One of her greatest pleasures is teaching in environments where choice is limited. From youth detention centers to the Pitkin County Jail, where she taught from 2017 to 2025, Brown has worked with incarcerated youth and adults using restricted materials. “In these spaces, making art becomes an act of agency,” Brown said. She recalls a moment when a student, enlightened through artmaking, said, “This is going to be important in my life.”

Among her notable projects is The Neo-Quietism Project, which explores the meditative and restorative potential of making and looking at abstract art. Booth Brown says that language or others’ expectations sometimes get in the way of viewing and making art. The project aims to give viewers and art makers permission to experience the work for themselves. 

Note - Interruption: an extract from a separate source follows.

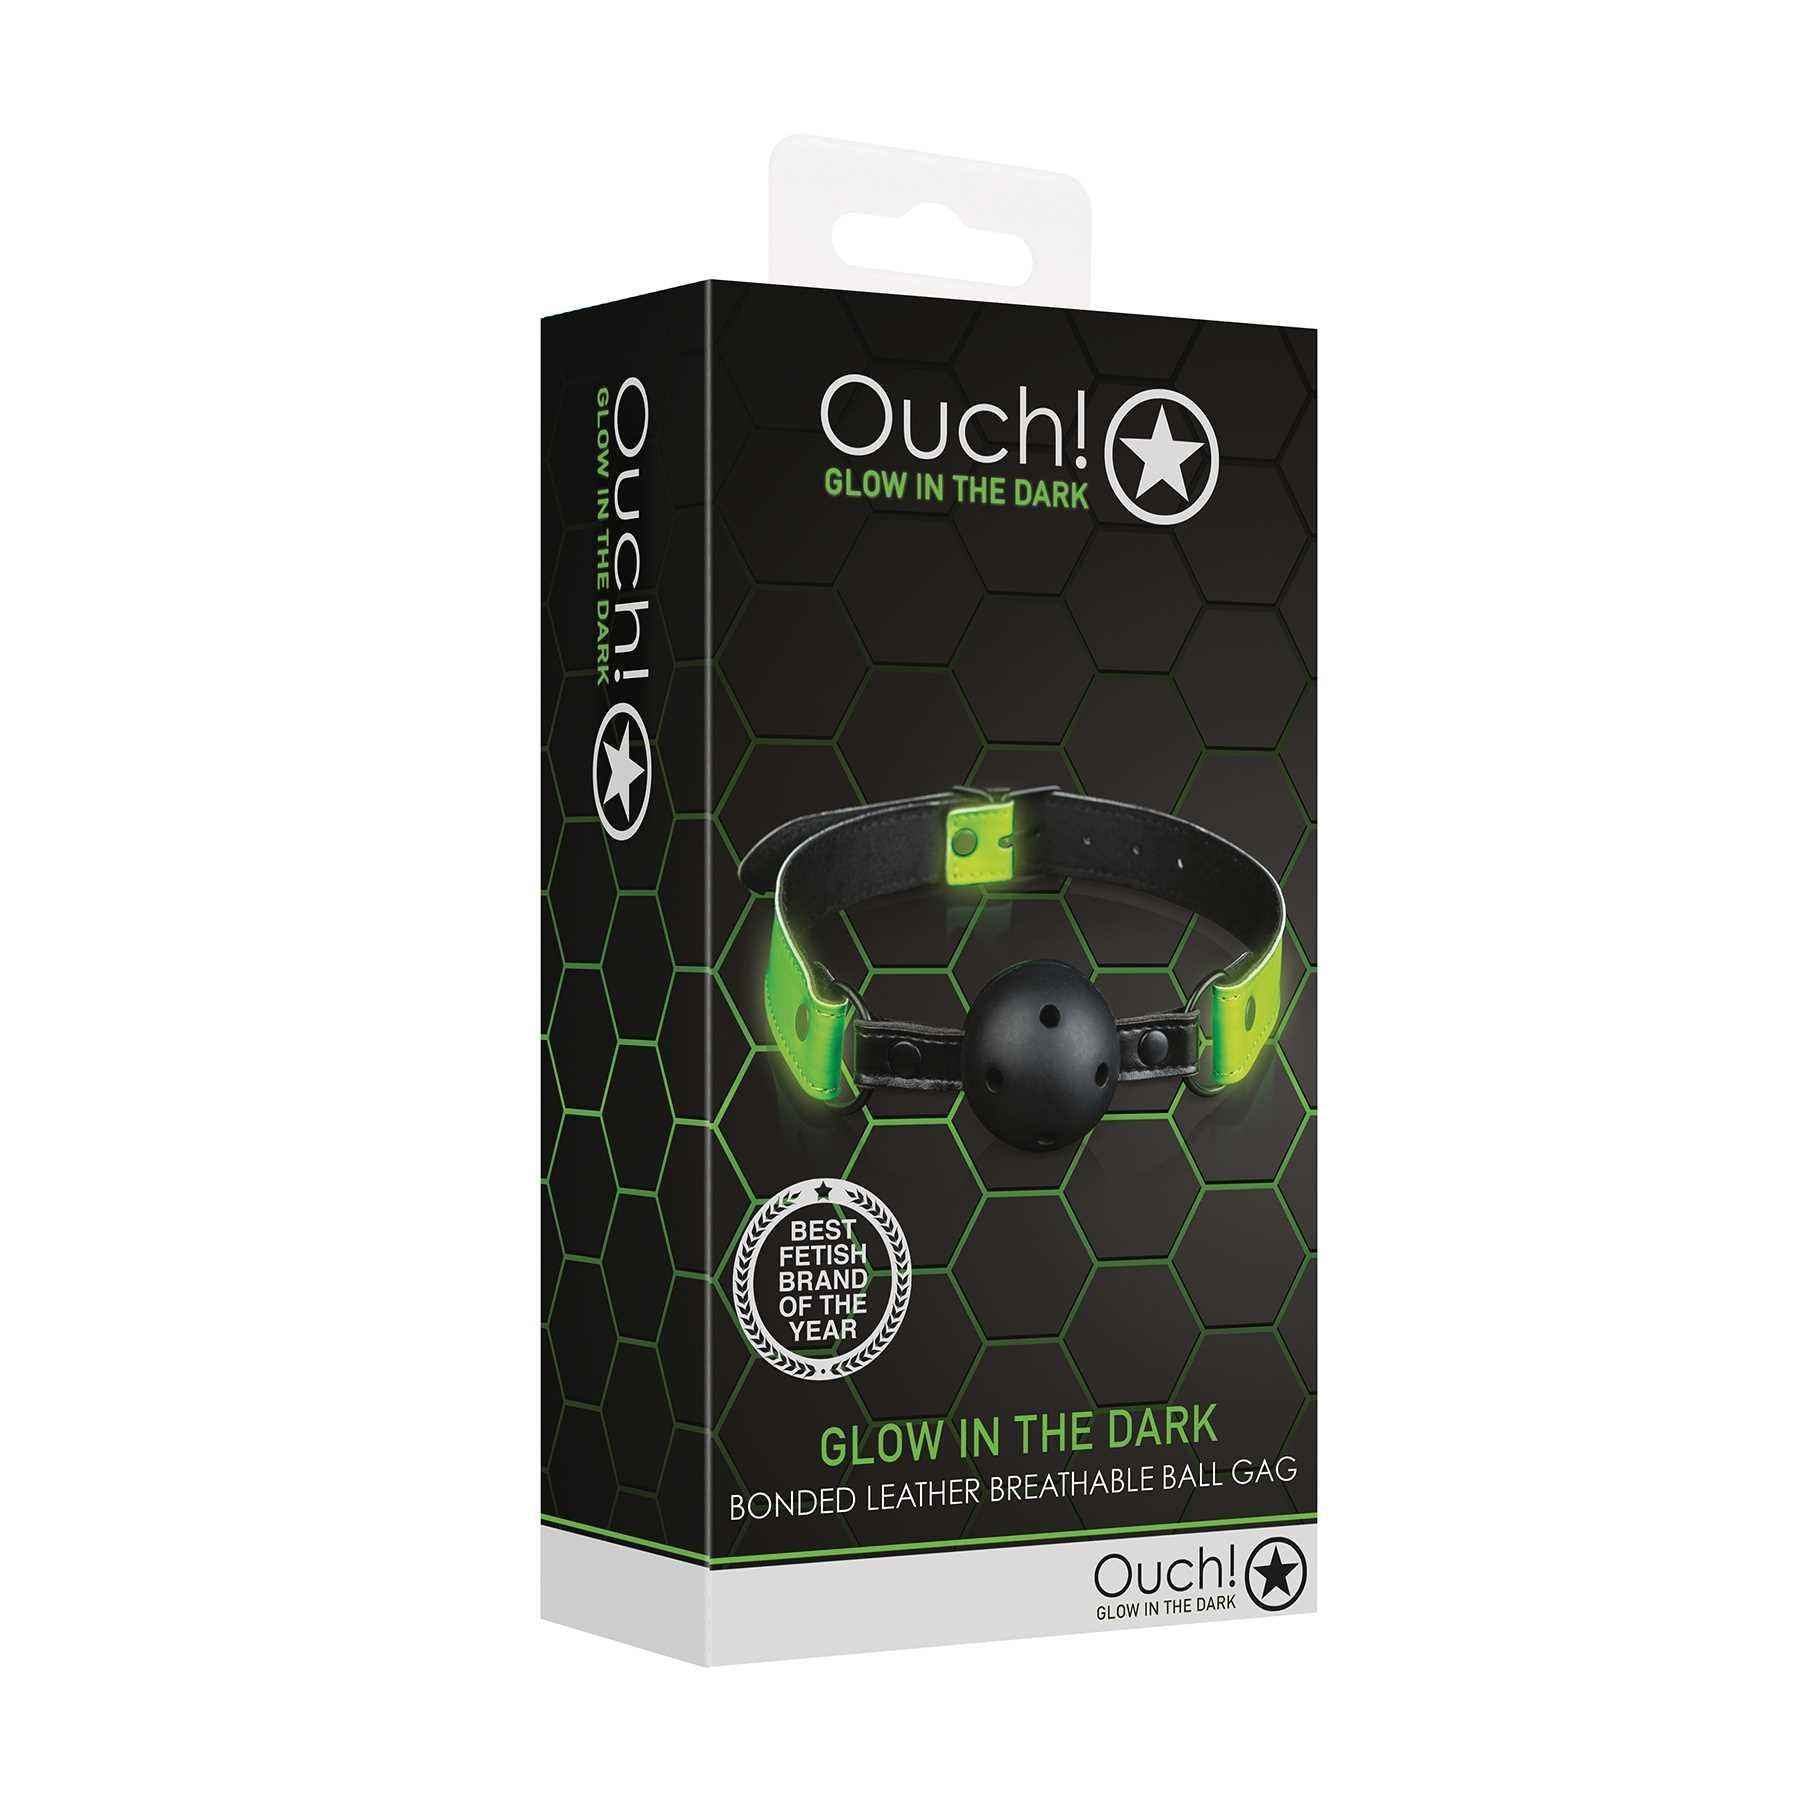 Ouch! Glow In The Dark Ball Gag packaging
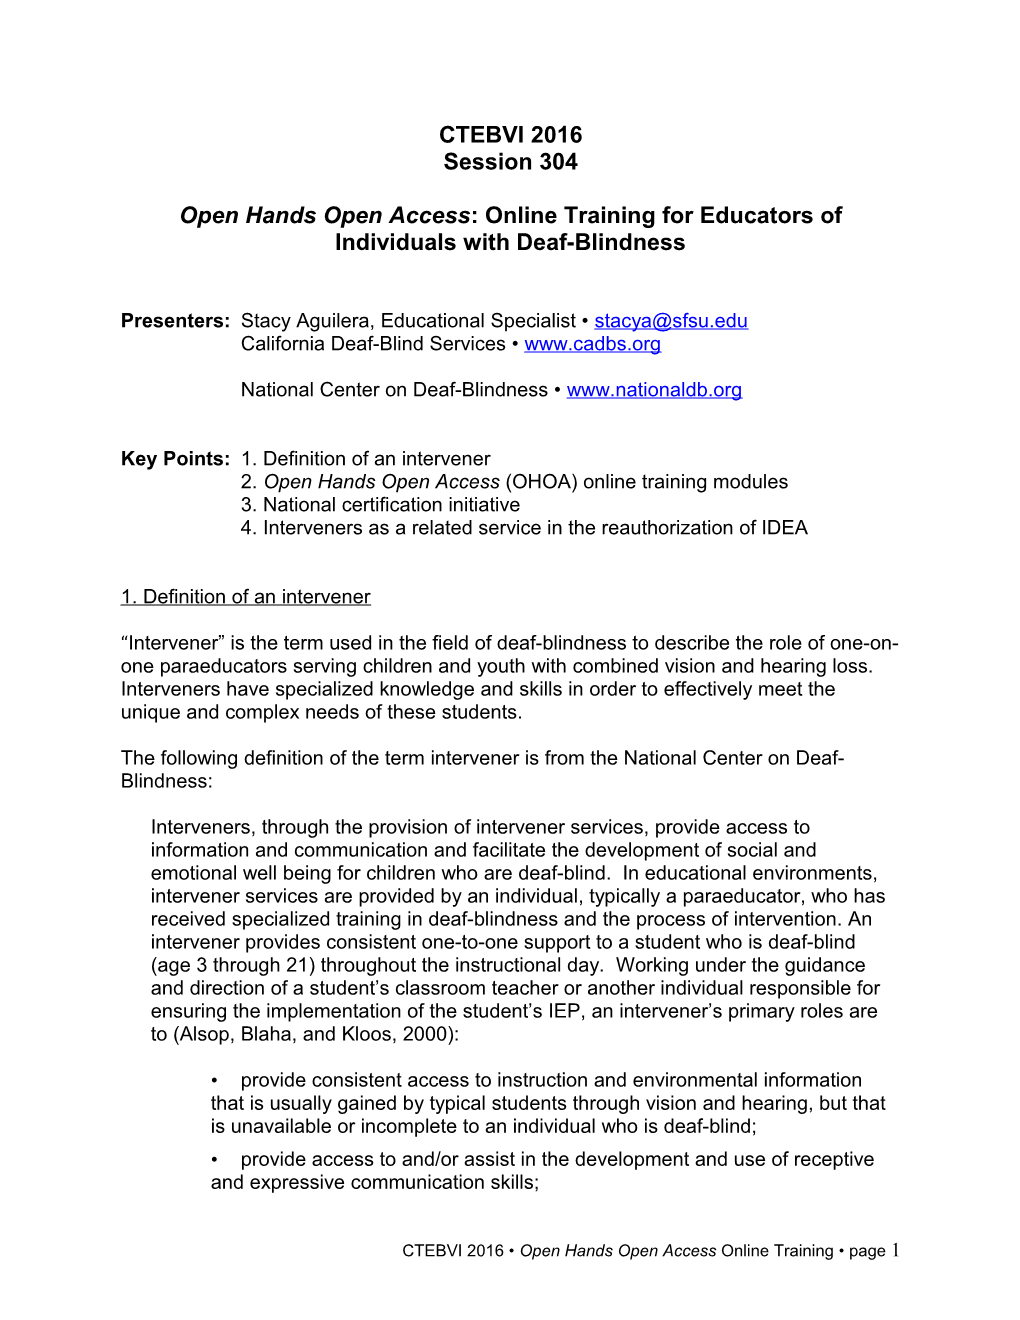 Open Hands Open Access: Online Training for Educators of Individuals with Deaf-Blindness

Until recently, Brown was  the Director of Education and Community Programs at the Aspen Art Museum, where she expanded access to creative experiences, including programs that brought hands-on artmaking to thousands of children each year. She now is striking out as an independent traveling educator and is writing two books: one on mentoring artists and another on teaching creativity to children. “I like to help people discover their own ways of being and support each person in identifying and developing a direction that is uniquely their own,” she said. “If you can hold a pencil, you can draw.”

For Teresa Booth Brown, possibility is not an abstract idea. It’s a daily practice—one learned at Bennington, carried into the studio, and shared wherever art can open a door.